- _Input data_
══════════
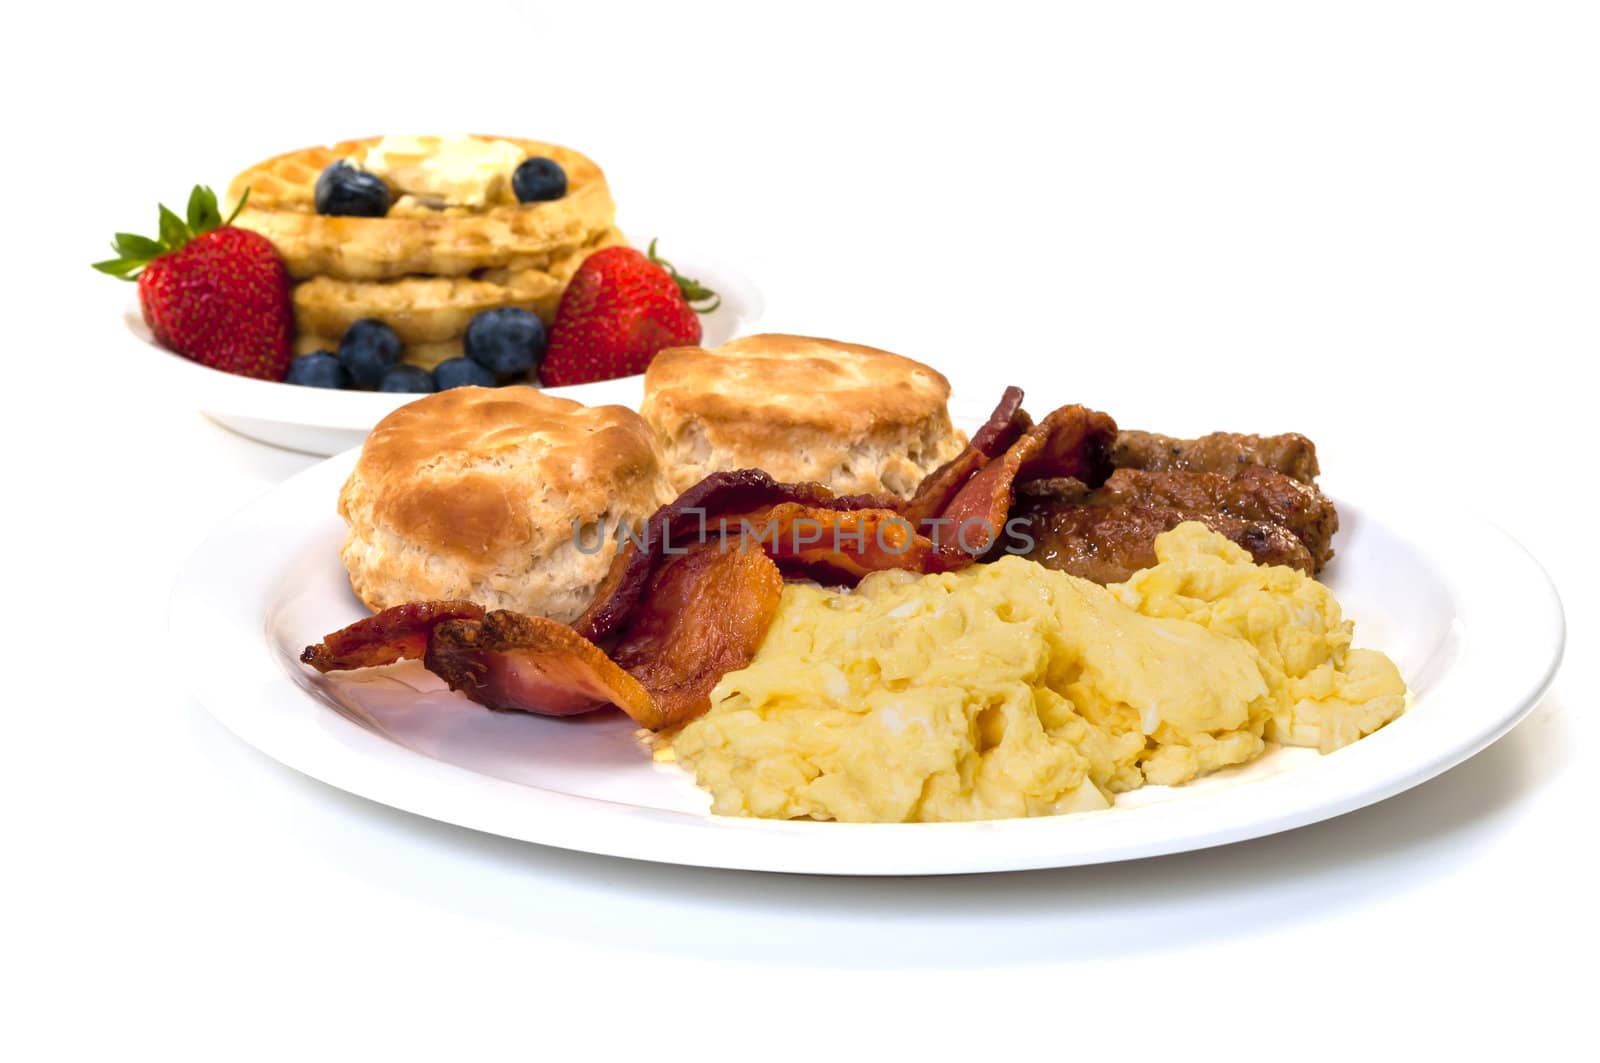 Breakfast with Eggs, Bacon , Sausage, Biscuits  and Waffles by dehooks
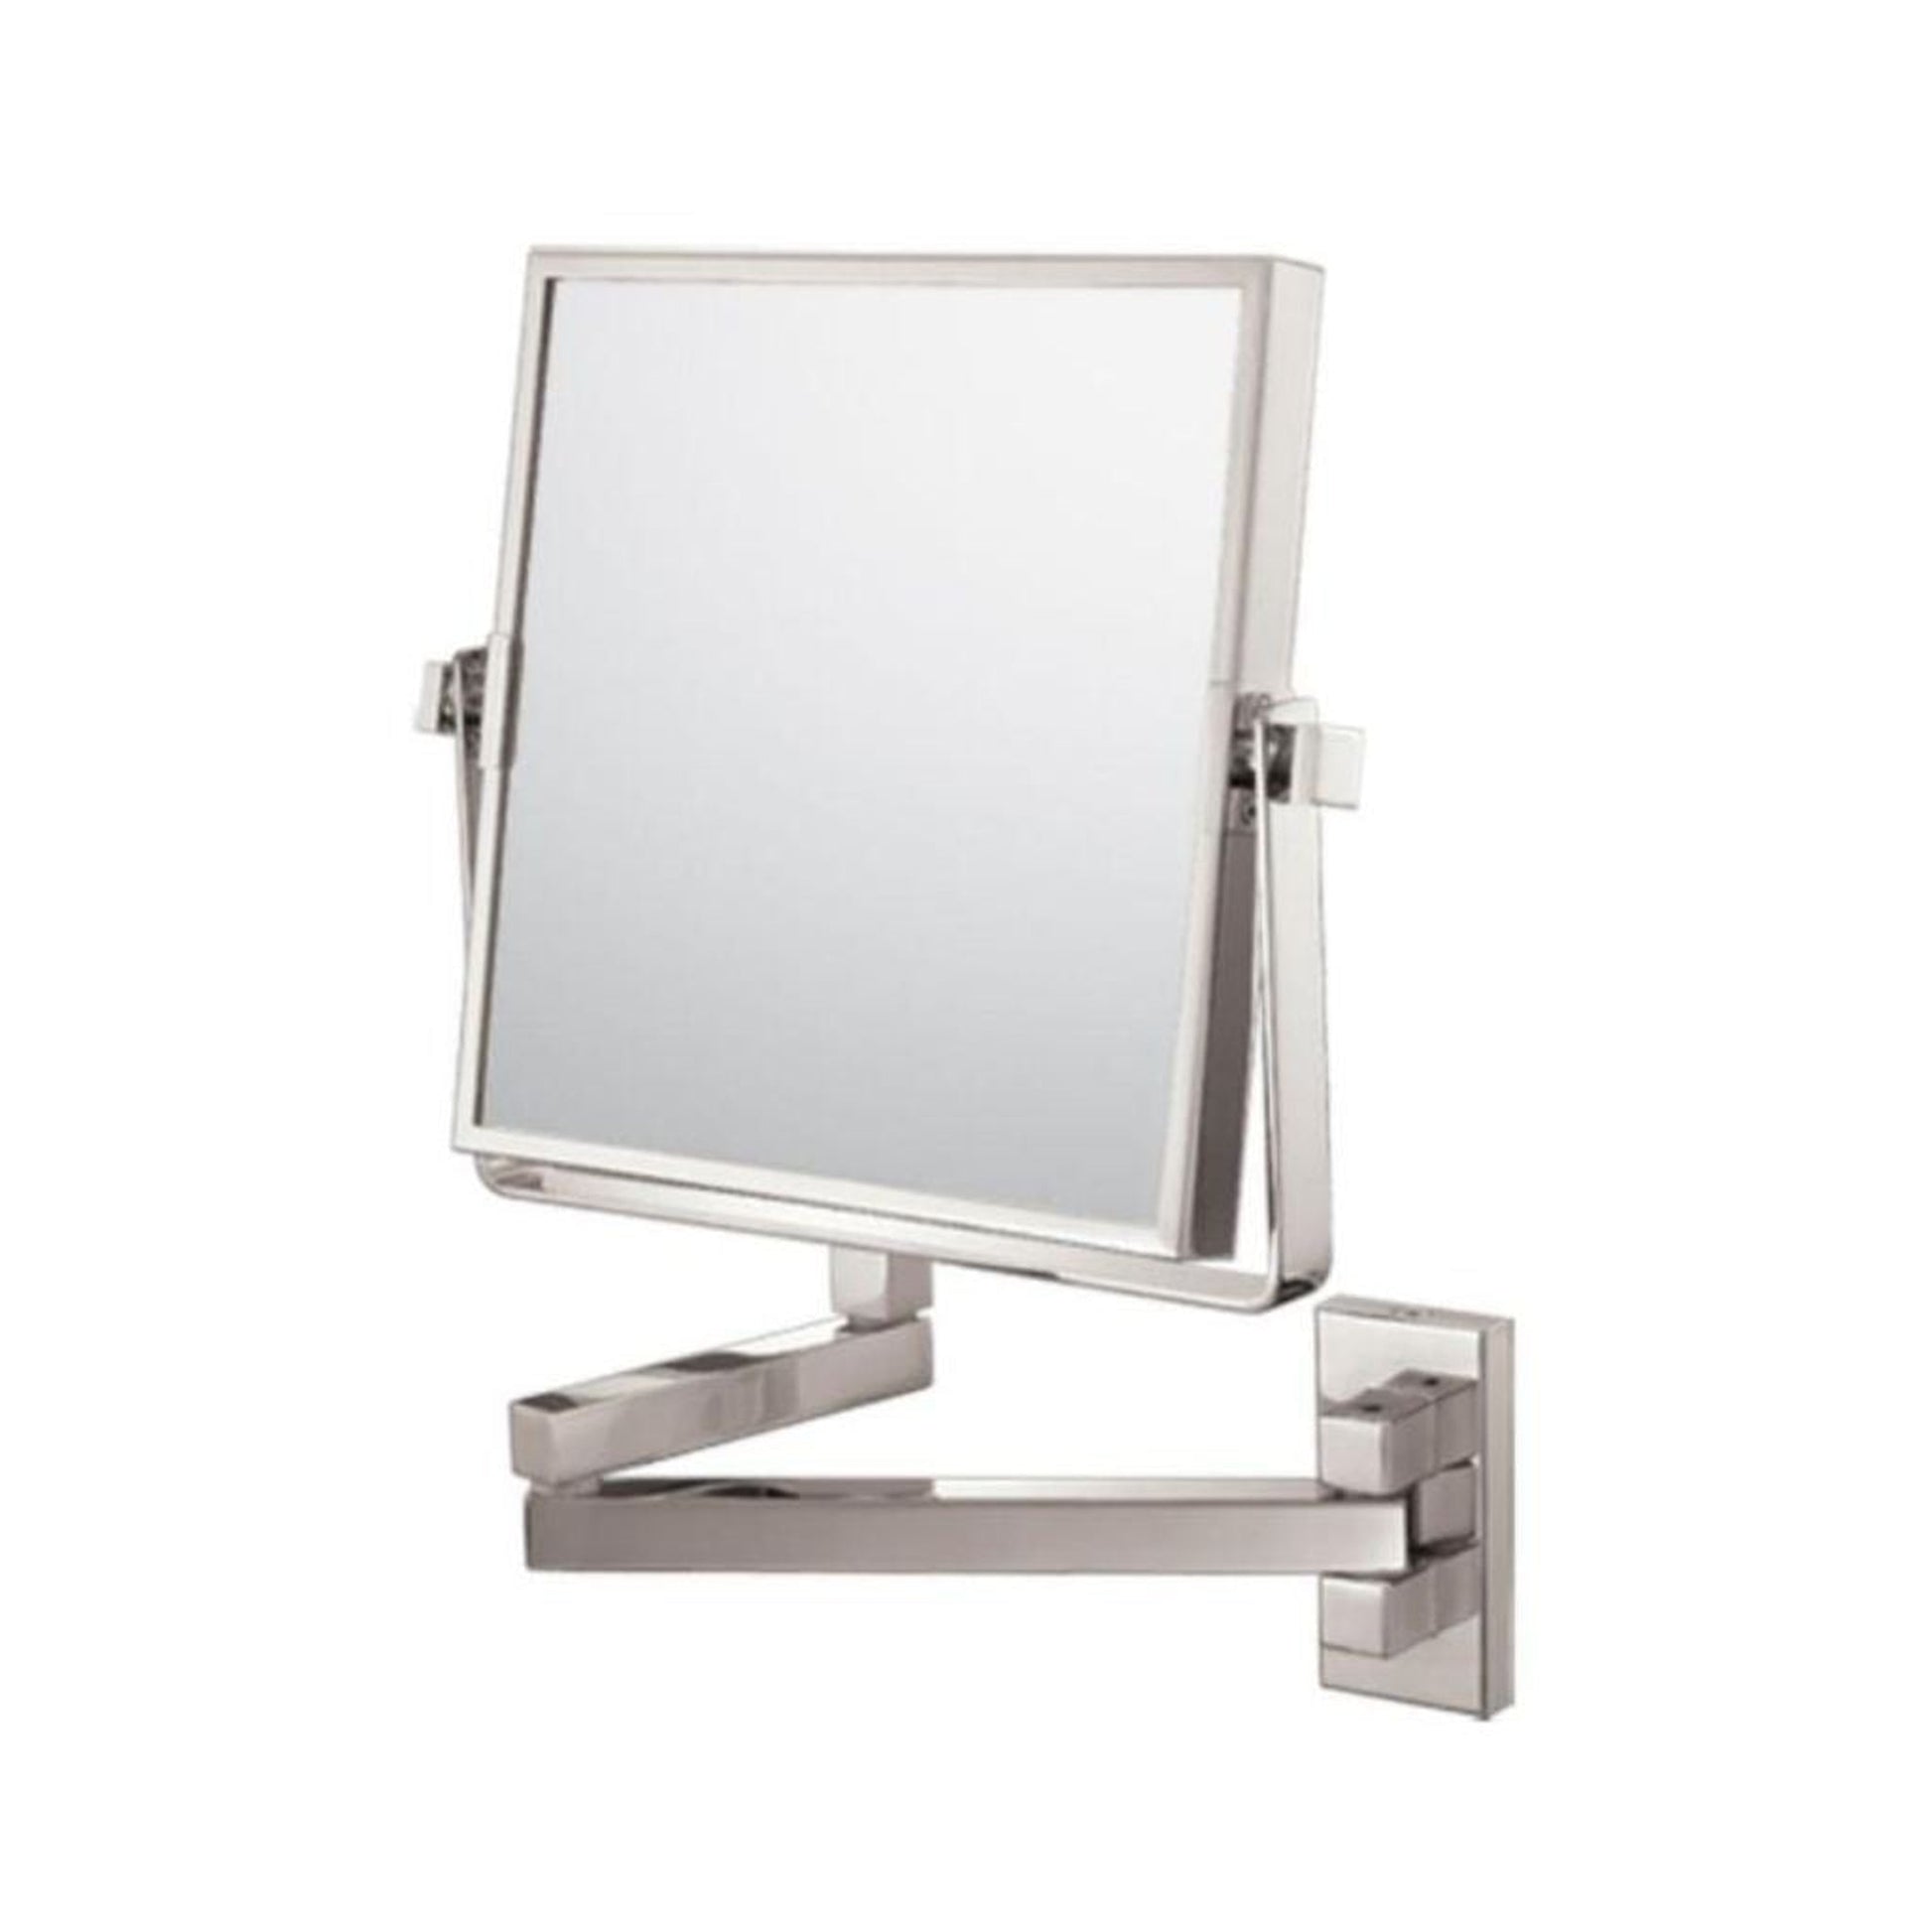 Aptations Mirror Image 9" x 12" Brushed Nickel Wall-Mounted Square 1X/3X Magnified Makeup Mirror
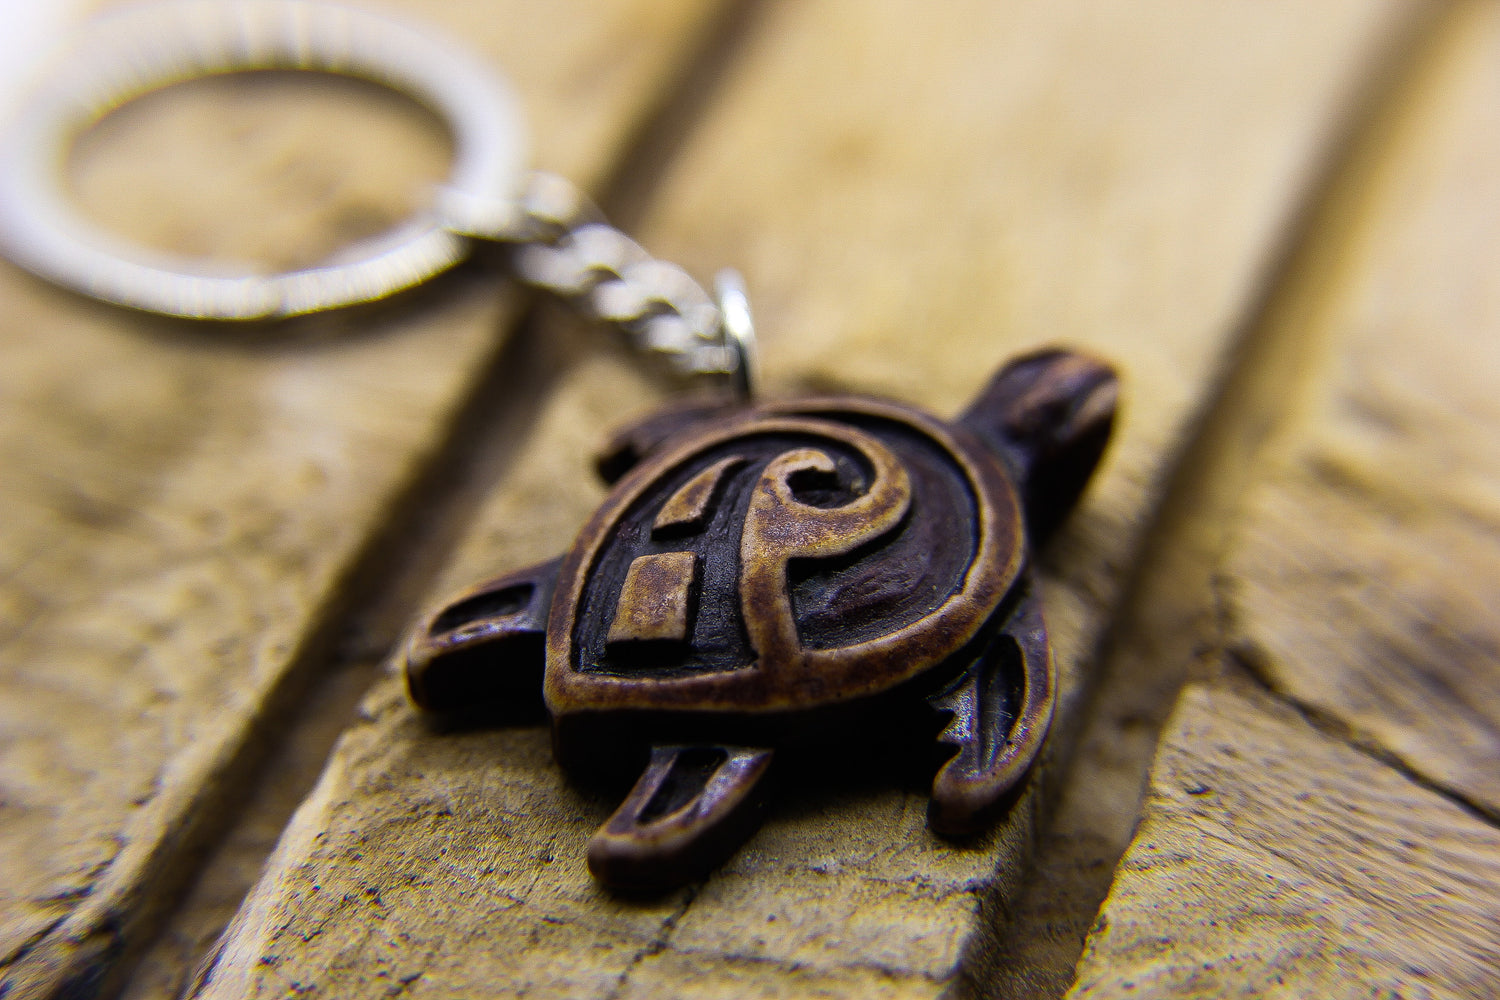 Carved Hawaiian style sea turtle pendant key ring on a piece of wood.
══════════
- _Problem description_
Would you restate the listing word for word and leave every picture out?

- _Answer space_
 Breakfast with Eggs, Bacon , Sausage, Biscuits  and Waffles by dehooks
 Aptations Mirror Image 9" x 12" Brushed Nickel Wall-Mounted Square 1X/3X Magnified Makeup Mirror
 Carved Hawaiian style sea turtle pendant key ring on a piece of wood.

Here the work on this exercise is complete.